Una adolescente chilena de 14 años falleció en un operativo policial en un centro comercial de Los Ángeles en diciembre de 2021. Tras un largo juicio, el veredicto señala que la policía no actuó con negligencia, pero la familia anuncia una apelación ante la Corte Suprema de California.
En diciembre de 2021, Valentina Orellana, una adolescente chilena de apenas 14 años, perdió la vida en un operativo policial llevado a cabo dentro de un centro comercial de Los Ángeles.
Ese día, Valentina y su madre estaban haciendo compras para la Navidad, cuando un hombre comenzó a agredir a clientes y a provocar el pánico en el lugar.
A partir de ese momento se desplegó un despliegue policial para controlar la situación, y la intervención terminó con tres disparos de un agente. Una de las balas dio muerte al agresor y otra atravesó la pared del probador donde se encontraba Valentina, dejando a la joven herida de forma irresoluble.
Este hecho conmocionó a la opinión pública y dio inicio a un complejo proceso legal que Duró años y que involucró un intenso escrutinio de las decisiones tomadas por las autoridades.
Con el paso de los meses, los padres de Valentina, Juan Pablo Orellana y Soledad Peralta, presentaron una demanda por homicidio culposo y negligente contra la ciudad de Los Ángeles.
La familia sostuvo que la muerte de Valentina se habría podido evitar o mitigar si la respuesta policial hubiese estado guiada por criterios de seguridad y prudencia adecuadas en un entorno tan concurrido y vulnerable como un centro comercial en plena época festiva.

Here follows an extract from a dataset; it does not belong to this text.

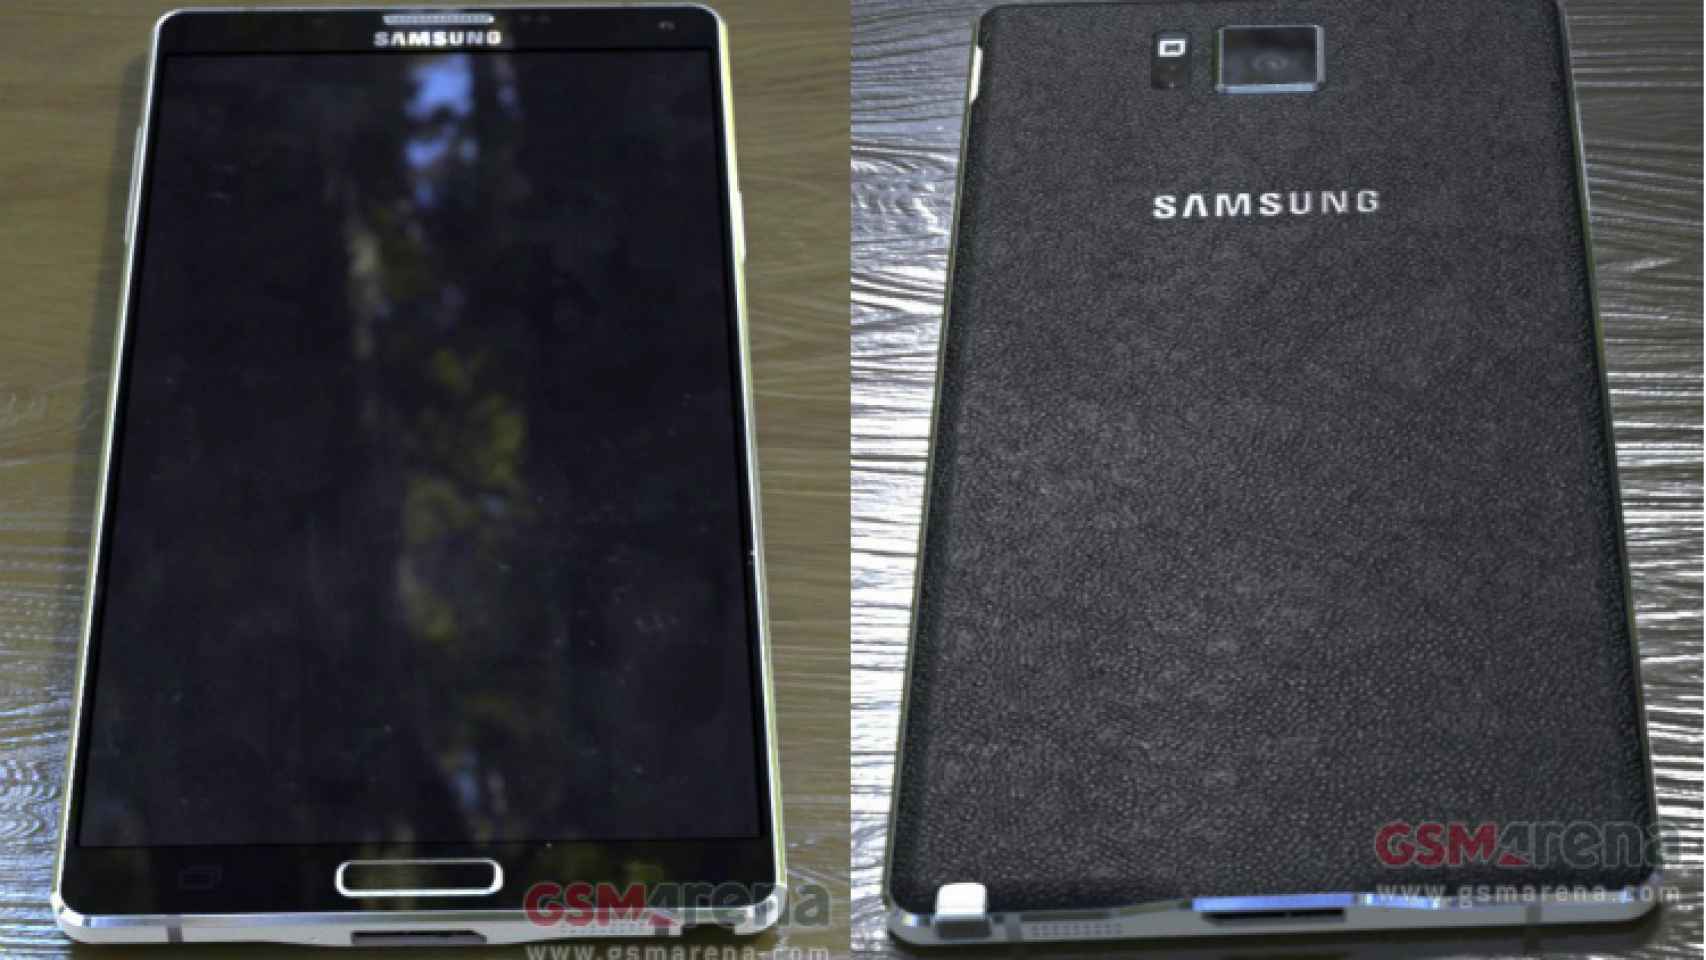 Primeras imágenes filtradas del Samsung Galaxy Note 4

Durante el juicio se examinó la cadena de decisiones y actuaciones de los agentes involucrados, así como las circunstancias que rodearon el incidente.
El 7 de mayo, el veredicto fue conocido: la corte determinó que la #policía de Los Ángeles no actuó con negligencia en el manejo del operativo. Este fallo dejó a la familia con la sensación de que no se hizo #justicia íntegra y dejó abiertas varias cuestiones sobre la transparencia y la evaluación de riesgos en intervenciones de este tipo.
Según cuentan los padres, la sentencia se habría dictado en un plazo muy corto, apenas un día y medio, y aseguran que no se pudieron estudiar en su totalidad todas las pruebas y testimonios, lo que incrementa su sensación de que la historia de Valentina no fue entendida en su totalidad por la justicia.
El abogado presentará ante la #Corte Suprema de California una apelación para revisar el fallo
Aun así, la familia no se queda ahí. Indican que pretenden iniciar una segunda etapa judicial y que, en las próximas semanas, el abogado presentará ante la Corte Suprema de California una apelación para revisar el fallo.
El objetivo es que se reevalúen las pruebas olvidadas o mal interpretadas y que se confirme, o incluso se amplíe, la posibilidad de responsabilidades civiles por daños y perjuicios contra la ciudad.
El padre de Valentina afirma que el veredicto no refleja la realidad ni la lógica de lo ocurrido, y añade que la familia continúa adelante por su hija: la única motivación que mantiene viva a la familia es la búsqueda de justicia para Valecita, como la llaman.
La madre, por su parte, enfatiza que honrar su memoria es lo que más les importa y que no se rendirán ante lo que consideran una sentencia insuficiente.
Este giro legal podría significar un nuevo capítulo que prolongue la historia judicial durante años más. Si la apelación prosperara, el proceso podría regresar ante la Corte Suprema de California, lo que implicaría la revisión de pruebas, testimonios y conclusiones que, a ojos de la familia, no se valoraron adecuadamente en la instancia anterior.
En términos prácticos, esto podría traducirse en nuevos recursos, posibles reaberturas de partes del juicio y, sobre todo, en una batalla que no llega a su fin en un plazo breve.
El caso de Valentina se enmarca en un debate amplio sobre el uso de la fuerza policial, la rendición de cuentas y la protección de menores en Estados Unidos, un tema que genera opiniones polarizadas y que ha tenido impacto en la percepción pública de las instituciones.
Valentina Orellana era de Chile, y su historia ha cruzado fronteras como un recordatorio de la fragilidad de la vida y de las consecuencias que pueden derivarse de intervenciones policiales en espacios públicos.
A pesar del veredicto, la familia continúa con la esperanza de que la justicia se acerque más a la realidad de lo ocurrido, y que los ojos de la opinión pública se mantengan atentos a un tema que afecta a muchas familias más allá de las fronteras.
La batalla legal, más allá de las cifras, persiste como una lucha por la verdad y por una comprensión más clara de cómo actuar cuando la contendencia entre seguridad y protección de las personas más vulnerables está en juego.